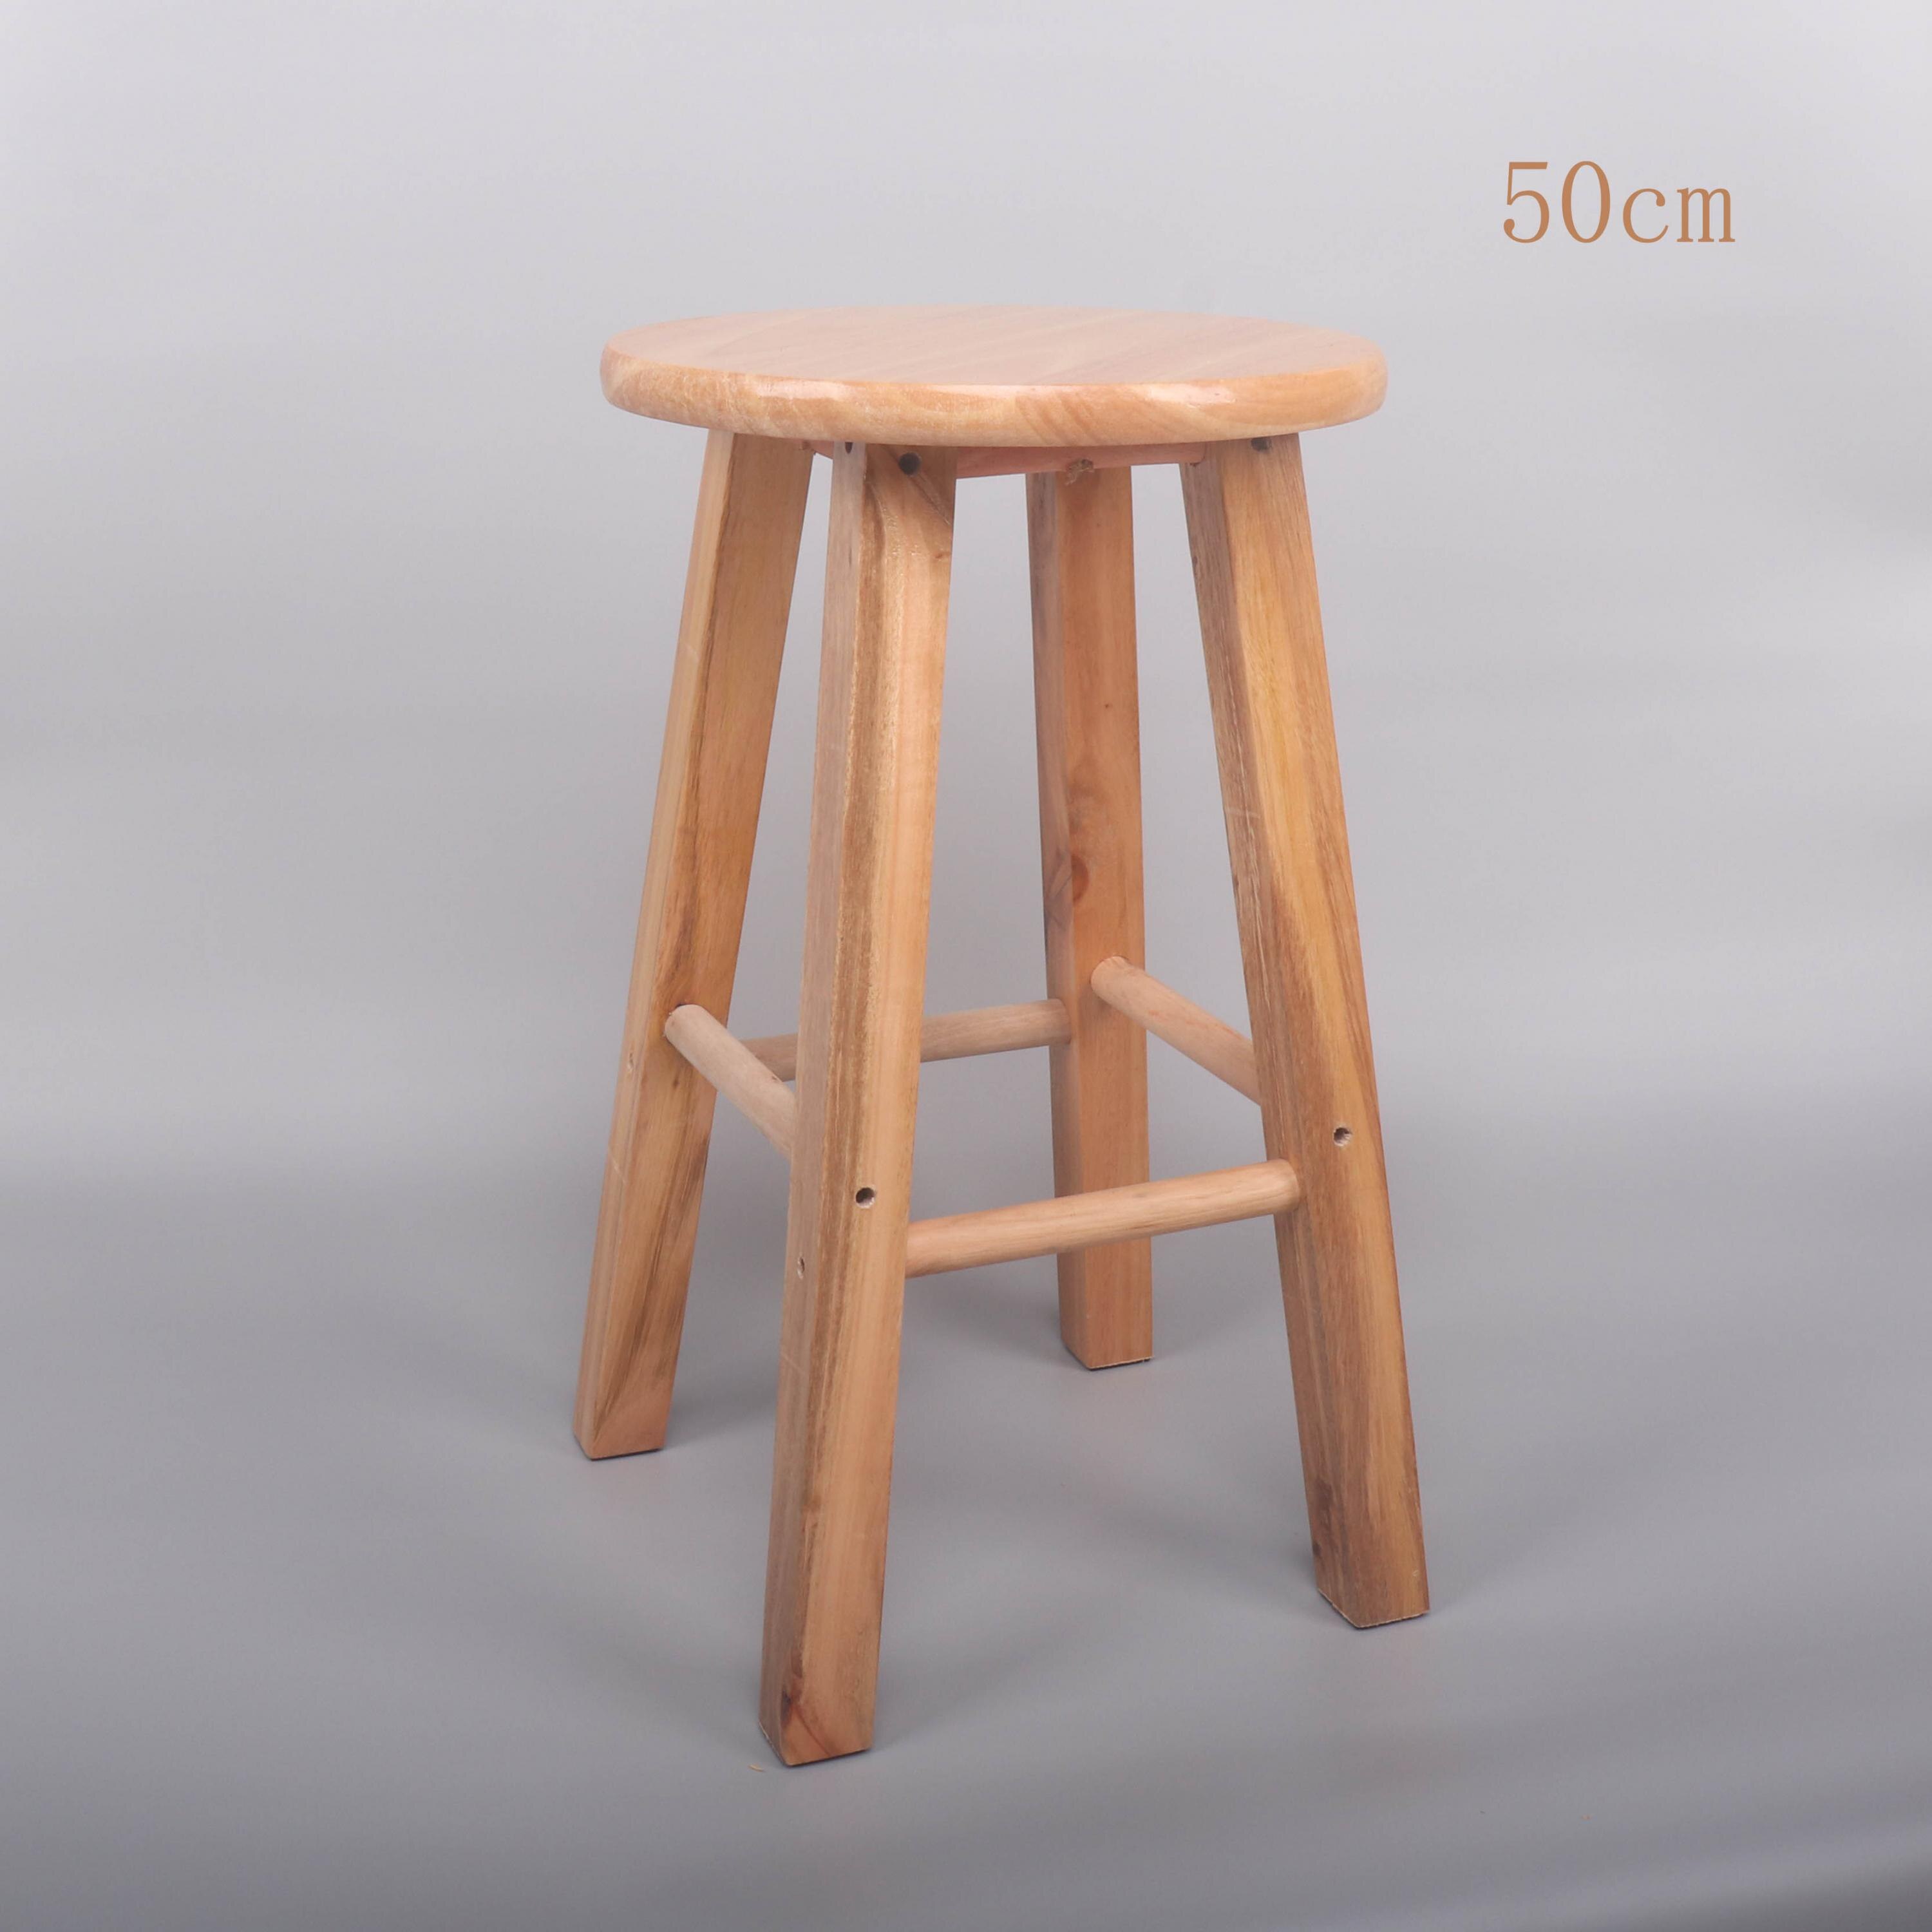 Massivt træ barstol høj bar stol høj skammel barstol gummi træ stige skammel høj bar stol: 5
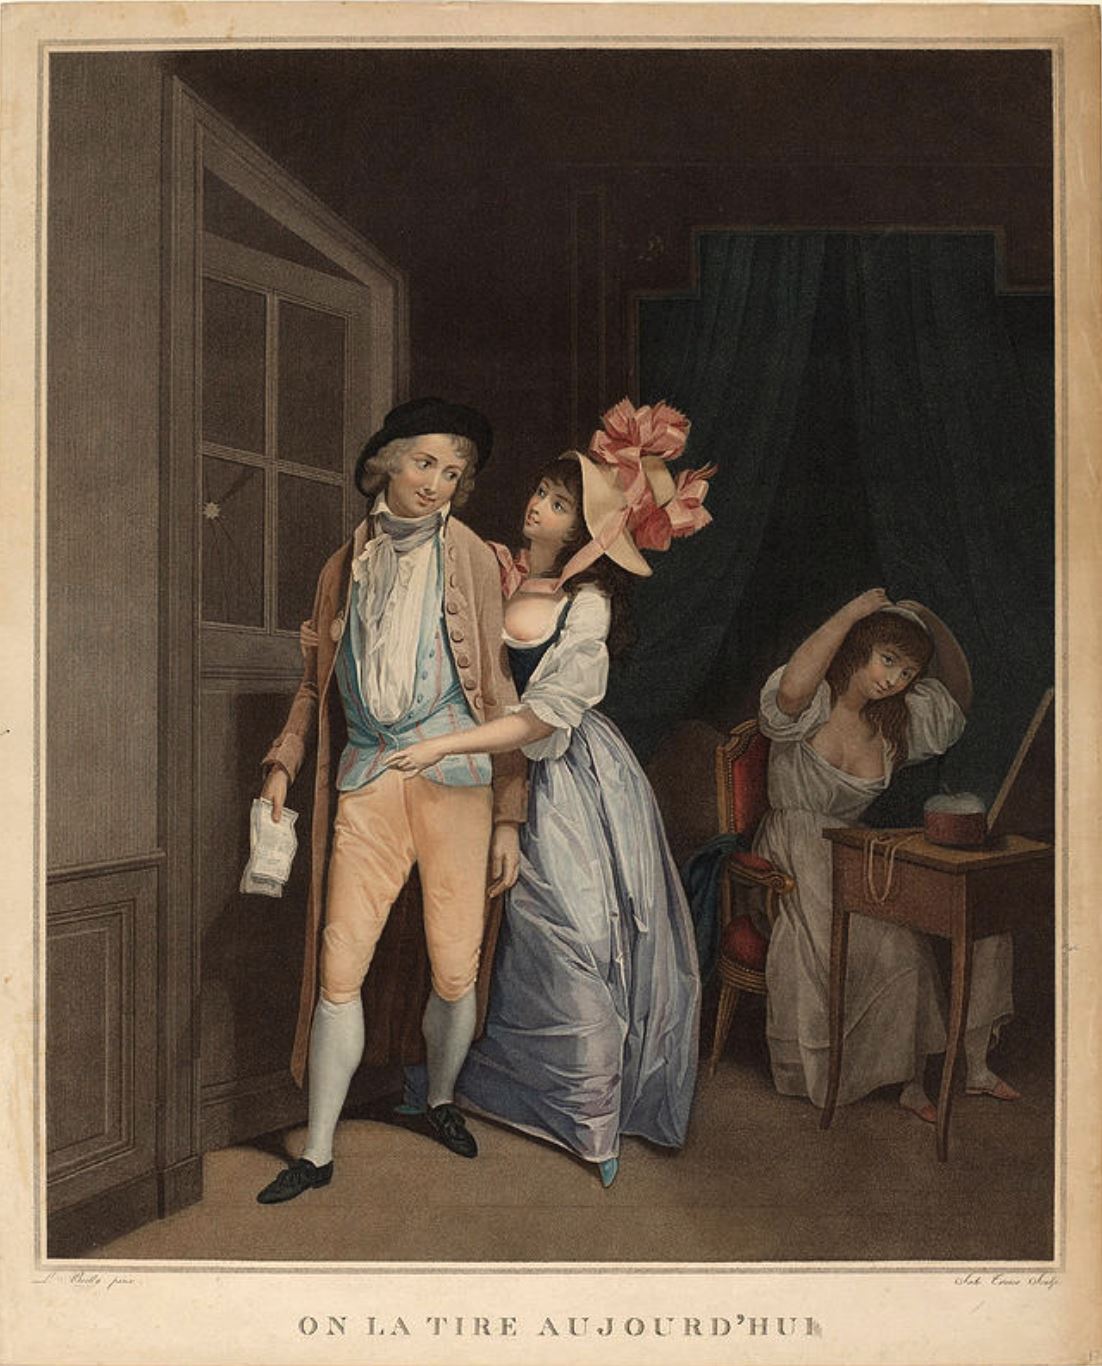 Boilly 1794, On la tire aujourd’hui gravure de Tresca
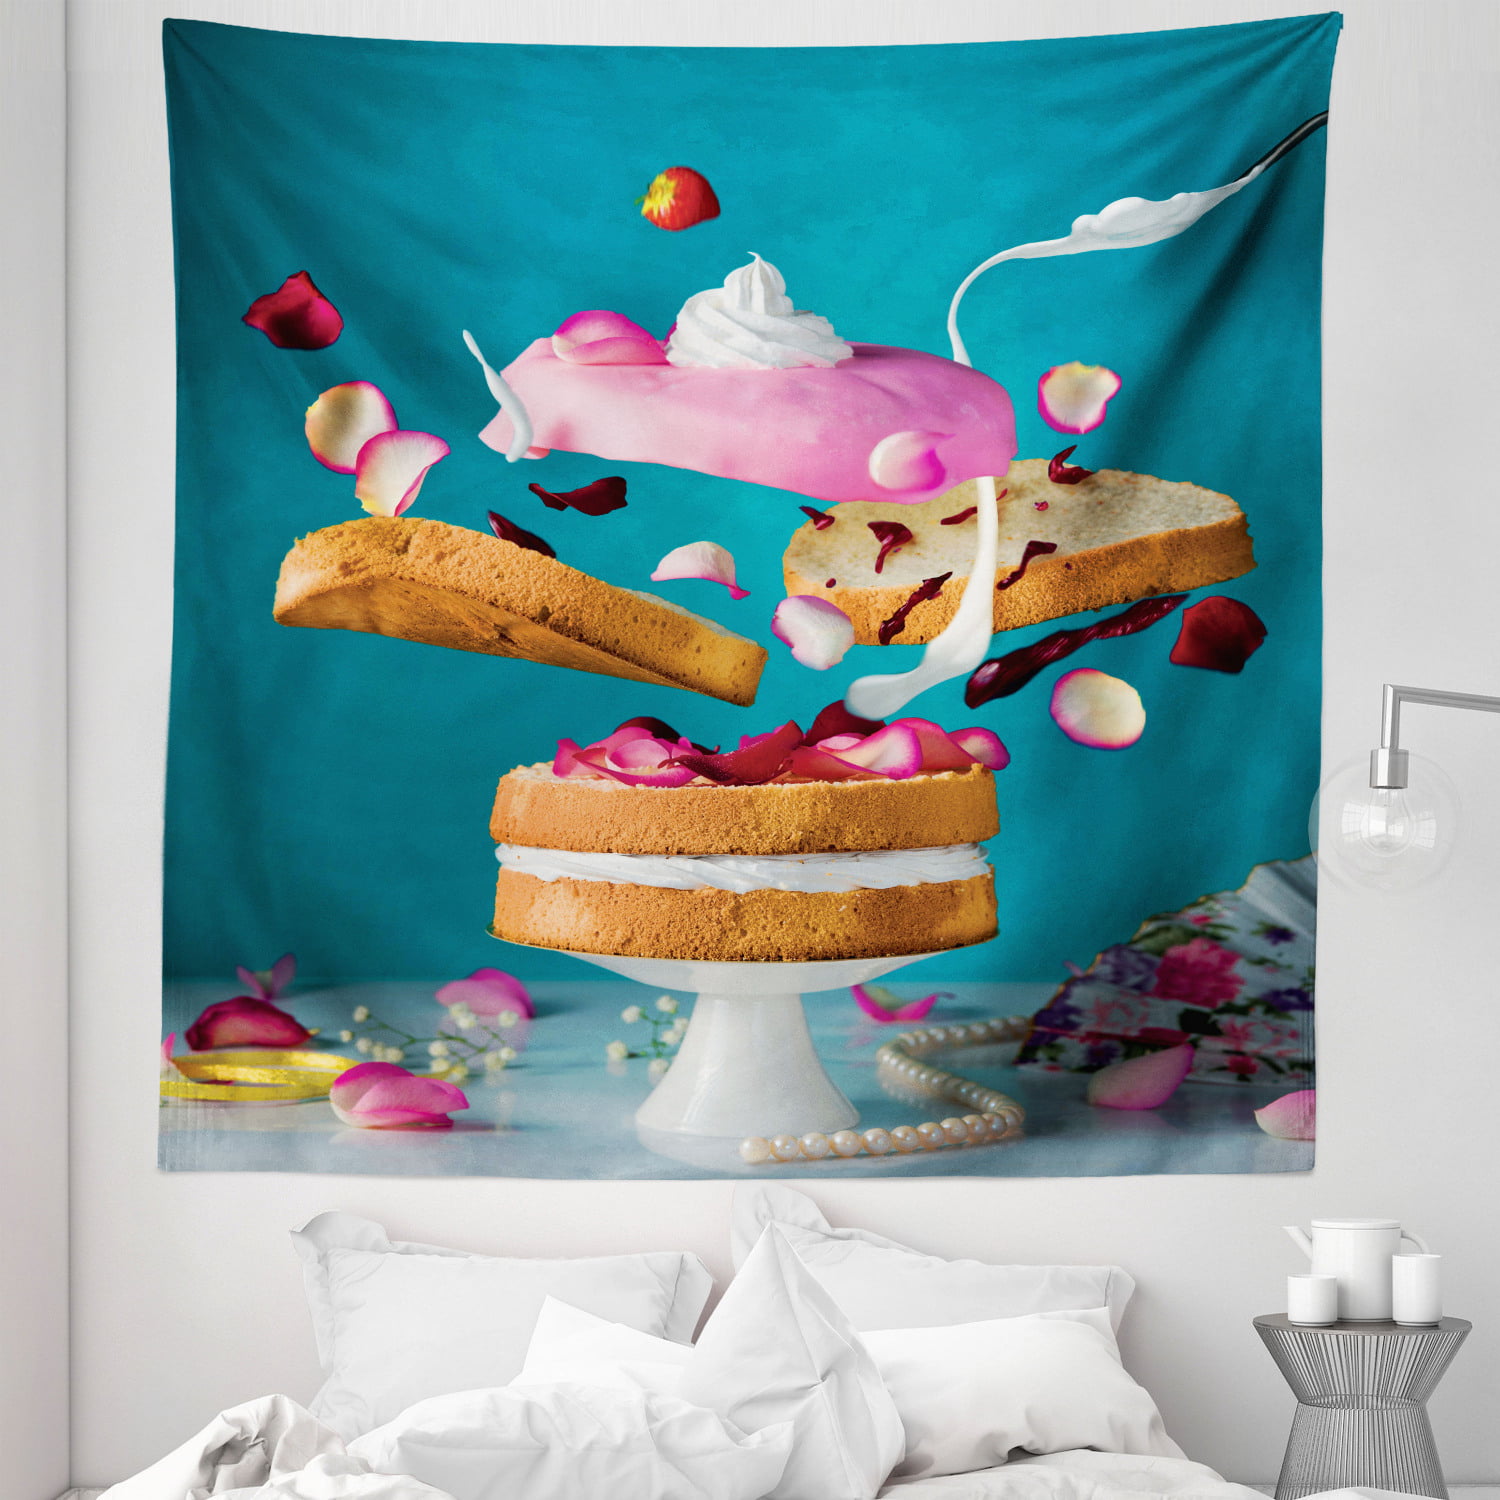 3D Food Dessert Ice Cream Donut Cake Wall Mural Wallpaper GD 5273 |  Jessartdecoration

Task requirements: Copy the entire listing exactly but skip the pictures.

Solution for this exercise:
 Massivt træ barstol høj bar stol høj skammel barstol gummi træ stige skammel høj bar stol: 5
 Boilly 1794, On la tire aujourd’hui gravure de Tresca
 3D Food Dessert Ice Cream Donut Cake Wall Mural Wallpaper GD 5273 |  Jessartdecoration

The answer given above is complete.